Here’s an example of how crystal-clear opt-ins help prevent heartbreak later on. If Salazar had checked “yes” to receiving a sample of Enfamil, she likely would not have felt the anger and sadness she did after receiving the formula. She then describes writing a letter to the company describing her experience.
“Two days after writing to Enfamil, I received a generic ‘sorry for your loss’ reply with an offer to remove me from its mailing list. But I didn’t need a faceless corporation to be sorry for my loss. I needed it to acknowledge that it had added me to a mailing list without my consent. I needed it to apologize for making an excruciating experience even more so. And I needed it to promise that it wouldn’t do this to other women.”
There’s another missed opportunity for Enfamil to be more sensitive to a consumer. The company said ‘sorry for your loss,’ but it didn’t apologize for intruding into the author’s life with marketing.

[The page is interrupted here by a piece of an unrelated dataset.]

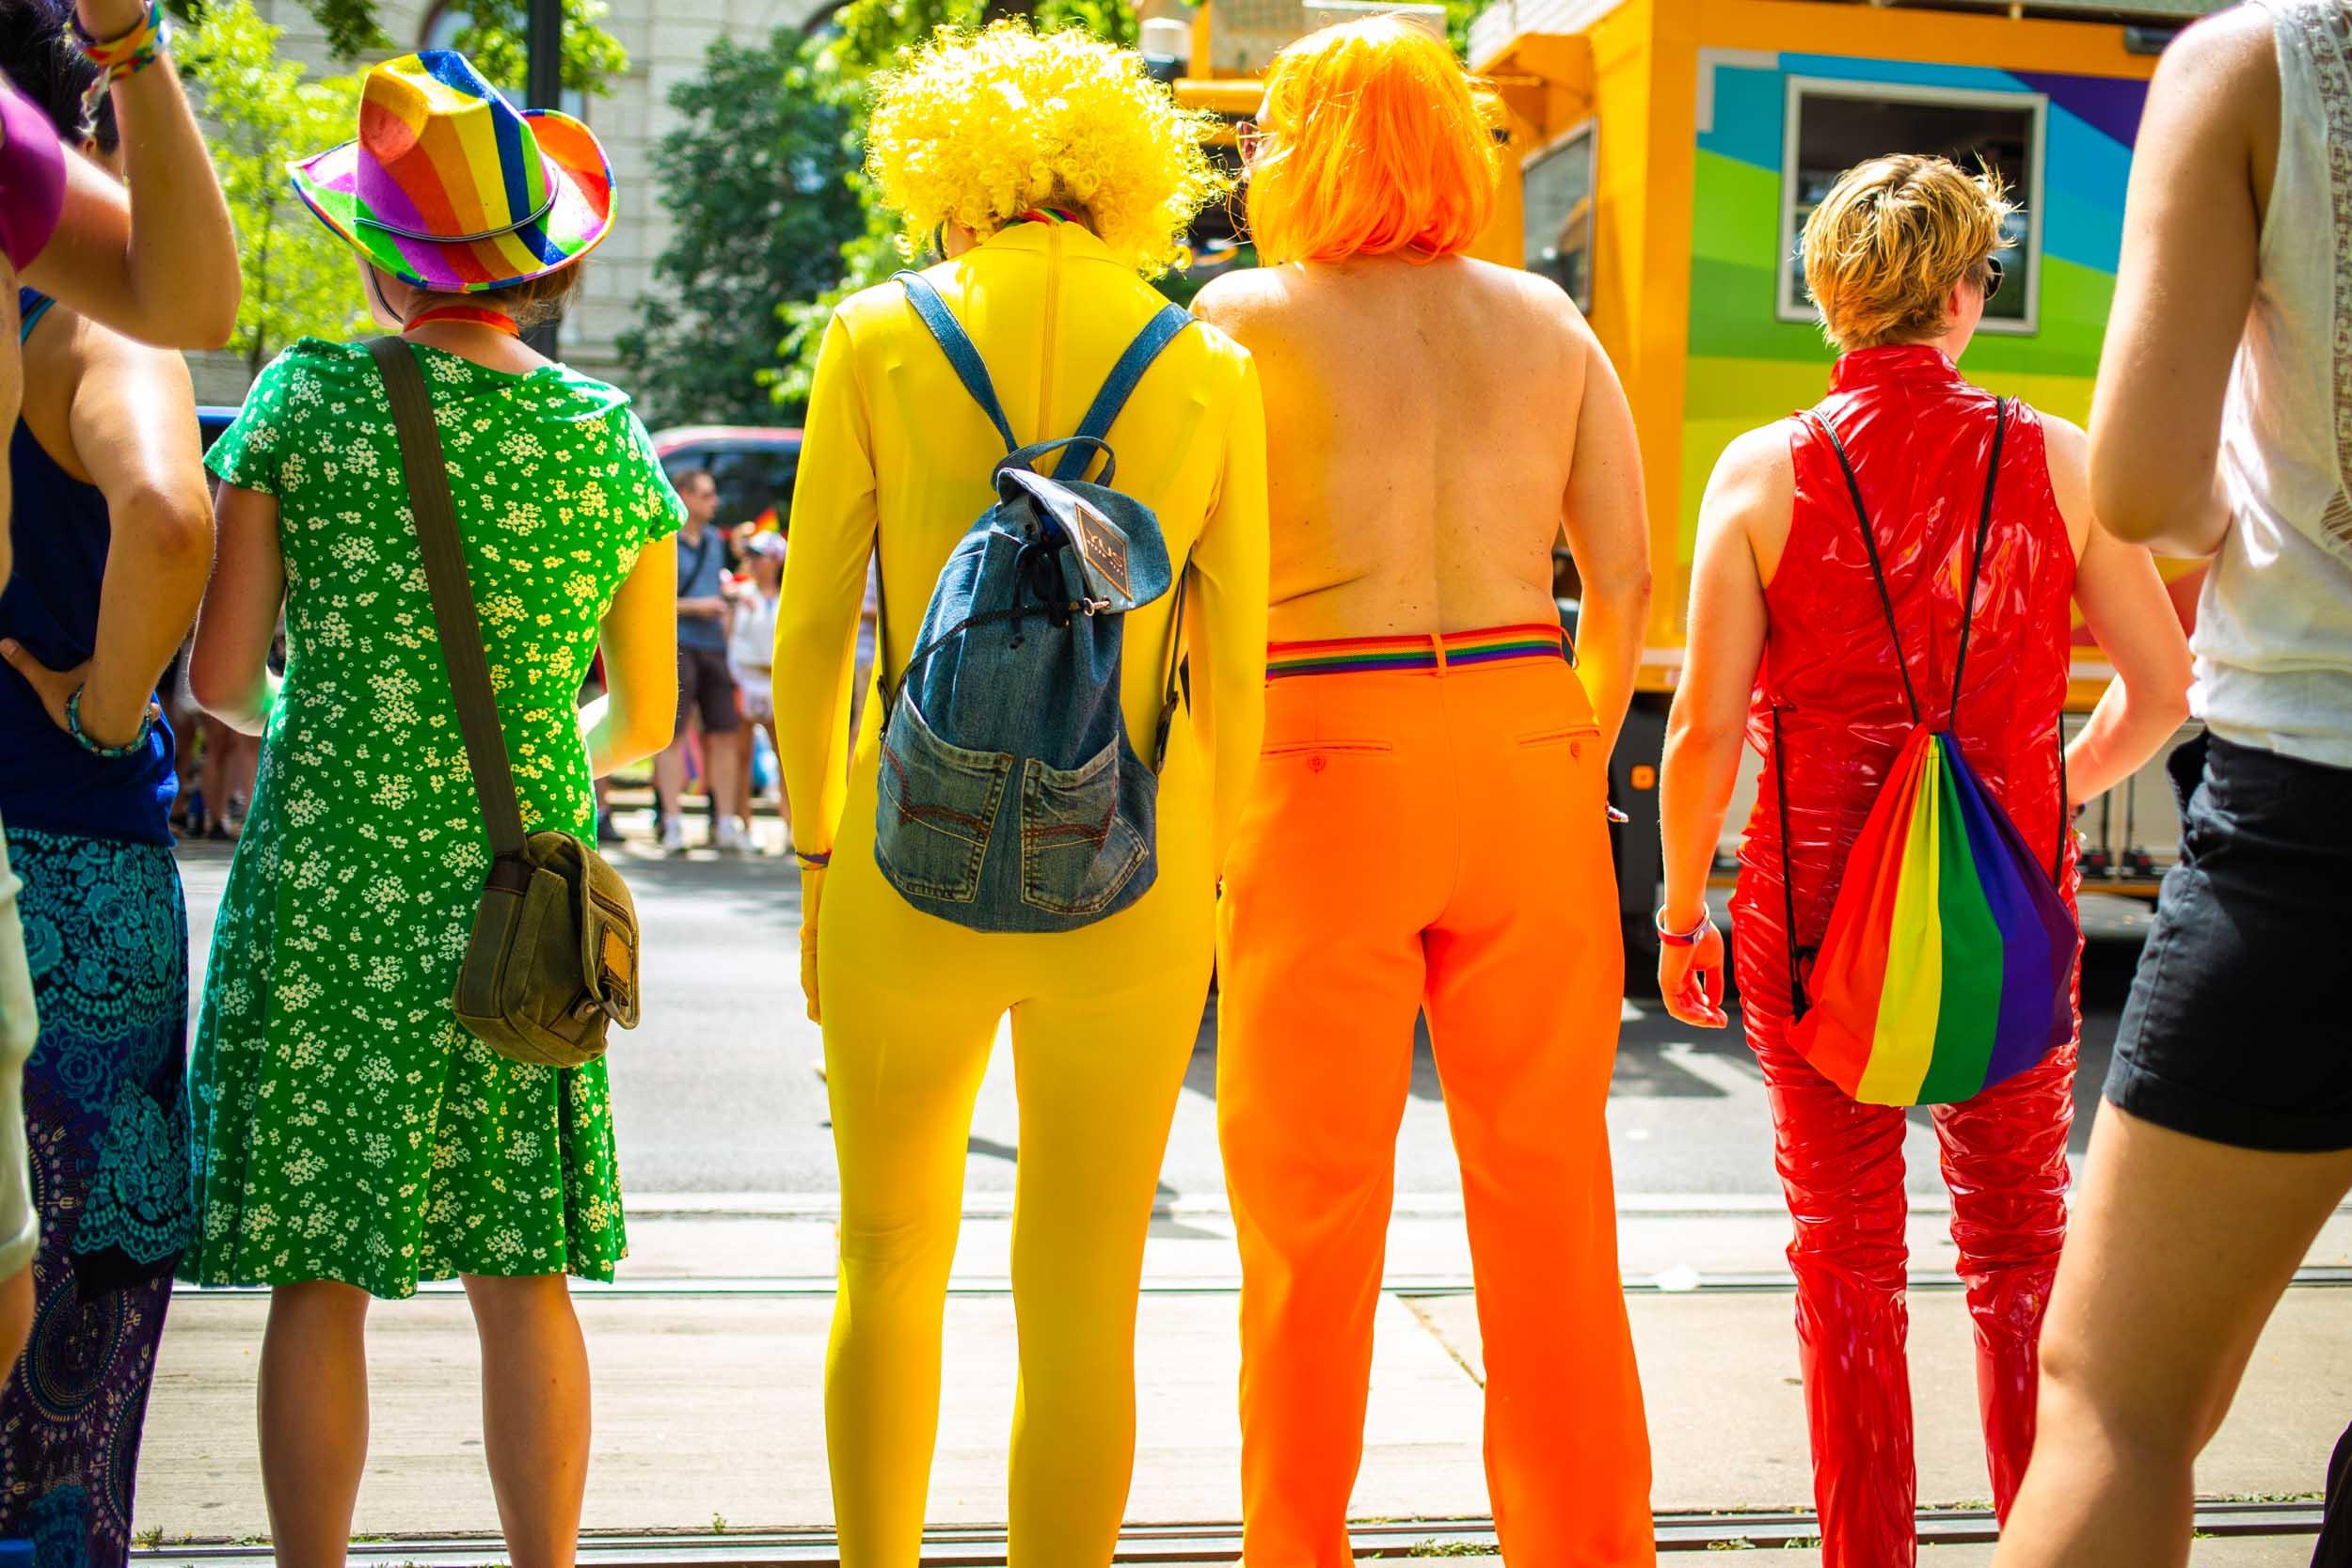 Rainbow People © Michael Goldrei 2019

As the myriad comments appended to this piece attest, the author is not alone in receiving baby-related messaging after a miscarriage. One woman, RL, was unwittingly enrolled by her obstetrician’s office and received many offers. On top of that, her insurance company “had enrolled me in a ‘new mom’ support line, where I would get calls from a nurse checking in with me. Despite having paid out the claim for the miscarriage, I continued to get the calls,” she writes.
Receiving marketing materials after a miscarriage can cause people to go to extraordinary measures in their next pregnancy. “My daughter was stillborn, and I continued to receive advertisements and coupons for baby products for at least a year after losing her…I did my best to keep my next pregnancy a secret from the corporate world. I paid cash for baby items and never set foot in a maternity clothing store,” says commenter Sarah from Austin, Texas.
What are the lessons here for marketers? Miscarriage is common, so companies need to know how to stop messaging parents after their loss. The insurance company should not have called the grieving mom more than once, for example. What upset the parents the most was having no control over the messaging, something clear opt-ins and opt-outs fix. When customers do opt-out after explaining their loss, companies should think hard about how to best demonstrate compassion and empathy for their would-be customers after they experience a miscarriage. After all, many of these parents want to have the chance to be customers once again.